Kyrylo Dihtyar

Personal information
- Full name: Kyrylo Serhiyovych Dihtyar
- Date of birth: 25 November 2007 (age 18)
- Place of birth: Kharkiv, Ukraine
- Height: 1.82 m (6 ft 0 in)
- Position: Centre-back

Team information
- Current team: Metalist Kharkiv
- Number: 8

Youth career
- 2016–2023: Metalist Kharkiv

Senior career*
- Years: Team / Apps / (Gls)
- 2023–: Metalist Kharkiv / 62 / (2)

International career^{‡}
- 2023: Ukraine U16 / 3 / (0)
- 2022–2024: Ukraine U17 / 13 / (1)
- 2024–: Ukraine U19 / 7 / (0)
- 2025: Ukraine U20 / 7 / (1)

= Kyrylo Dihtyar =

Ukrainian footballer (born 2007)

Kyrylo Serhiyovych Dihtyar (Кирило Сергійович Дігтярь; born 25 November 2007) is a Ukrainian professional footballer who plays as a centre-back for Metalist Kharkiv in the Ukrainian First League.

==Club career==
Dihtyar is a product of Metalist Kharkiv academy.

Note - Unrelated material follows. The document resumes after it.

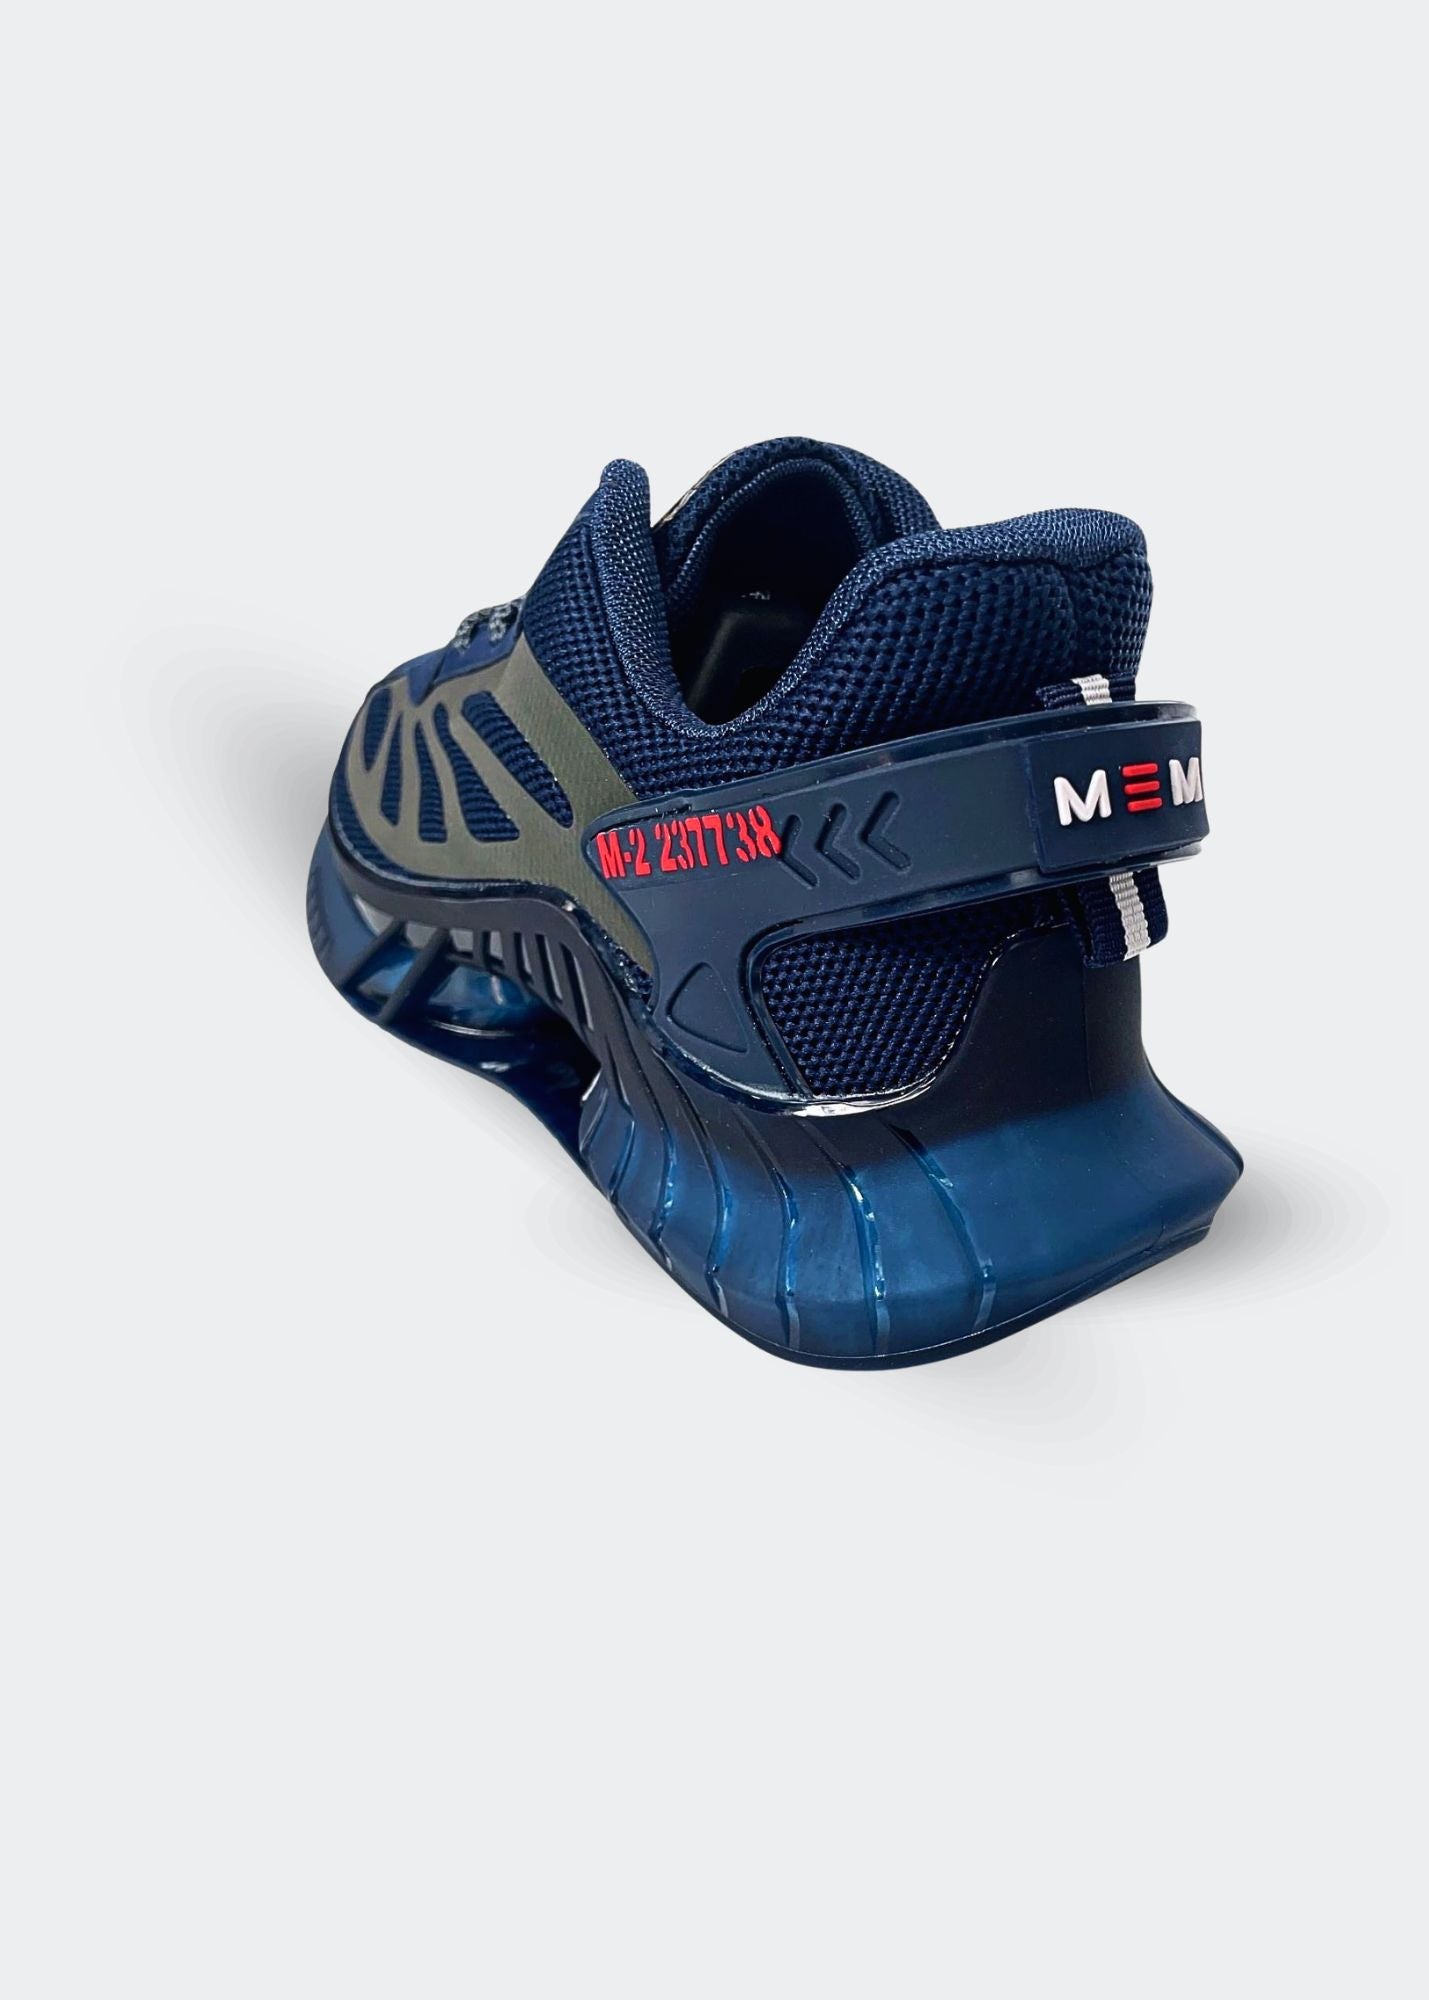 MEM Retro-Reflective Gym Shoes Navy Blue

He made his debut as a second half-time substituted player for Metalist Kharkiv in the Ukrainian Premier League in an away losing match against SC Dnipro-1 on 3 May 2023.

==International career==
In February 2023, Dihtyar was called up to the final squad of the Ukraine national under-17 football team to play in the 2023 UEFA European Under-17 Championship qualification elit round matches.

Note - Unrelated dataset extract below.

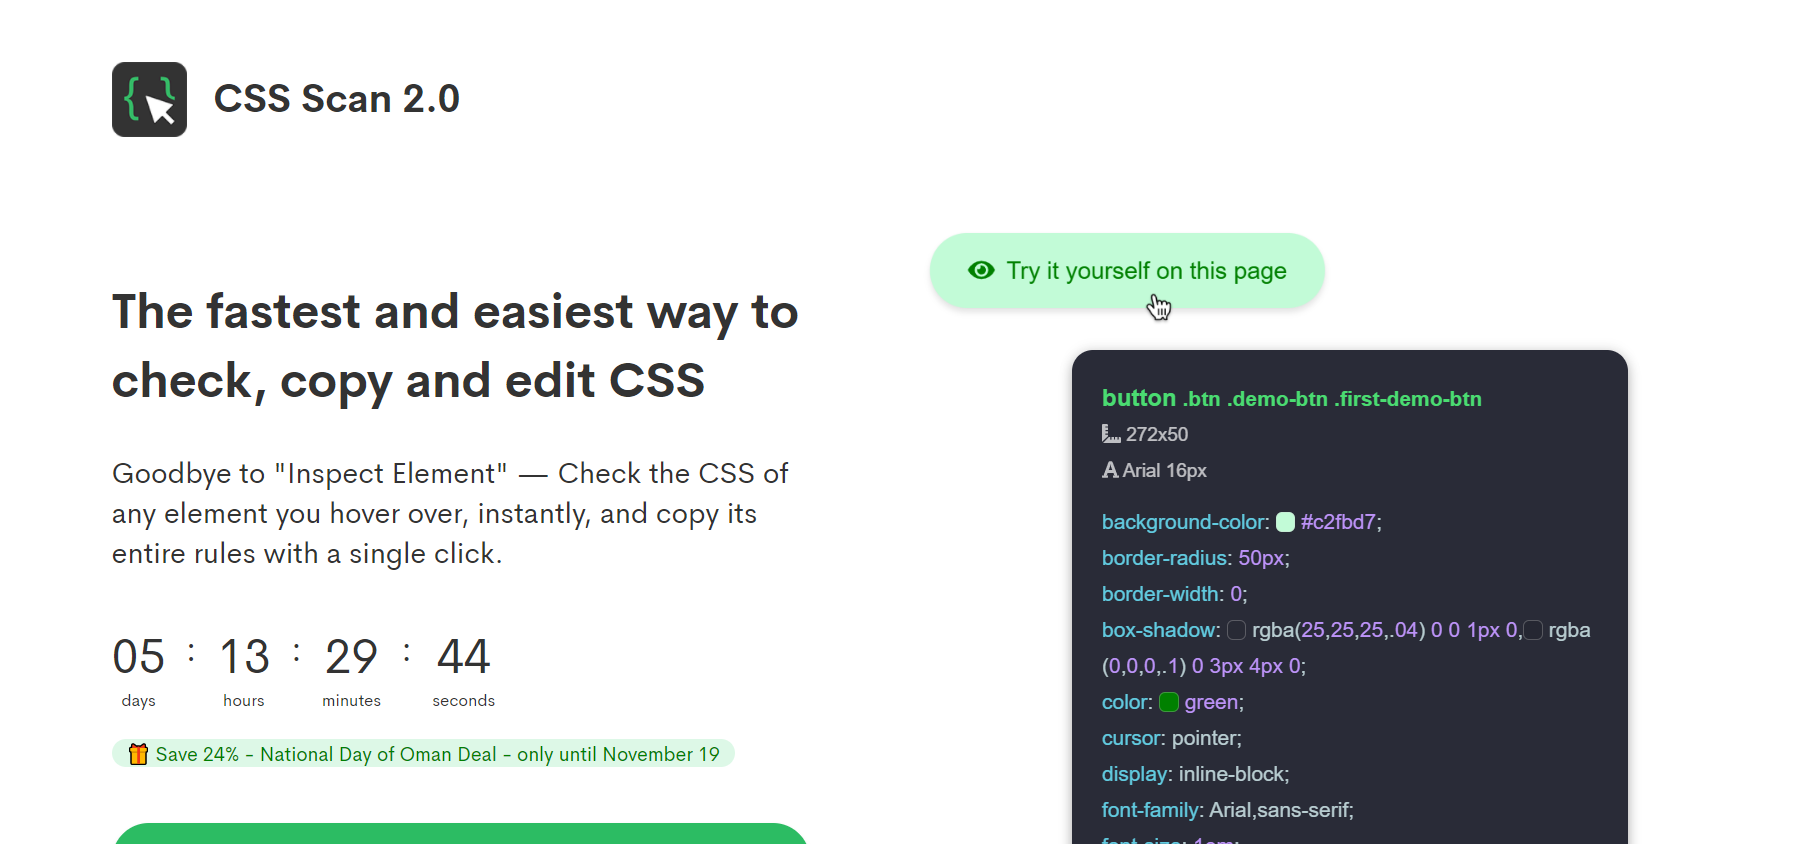 CSS Scan 2.0 быстрый и простой способ проверить, скопировать и отредактировать CSS

Also, in July 2024, Dihtyar was called up by manager Dmytro Mykhaylenko to the final squad of the Ukraine national under-19 football team to play in the 2024 UEFA European Under-19 Championship tournament matches.

==Personal life==
Since 3 May 2023, Dihtyar holds a record in Ukraine for being the youngest professional player of the Ukrainian top professional football league when at the age of 15 years and 159 days played for Metalist Kharkiv against SC Dnipro-1. The previous record over 30 years belonged to Yuriy Fenin when at the age of 15 years and 221 days he played for Tavriya Simferopol against FC Zorya-MALS Luhansk in 1992.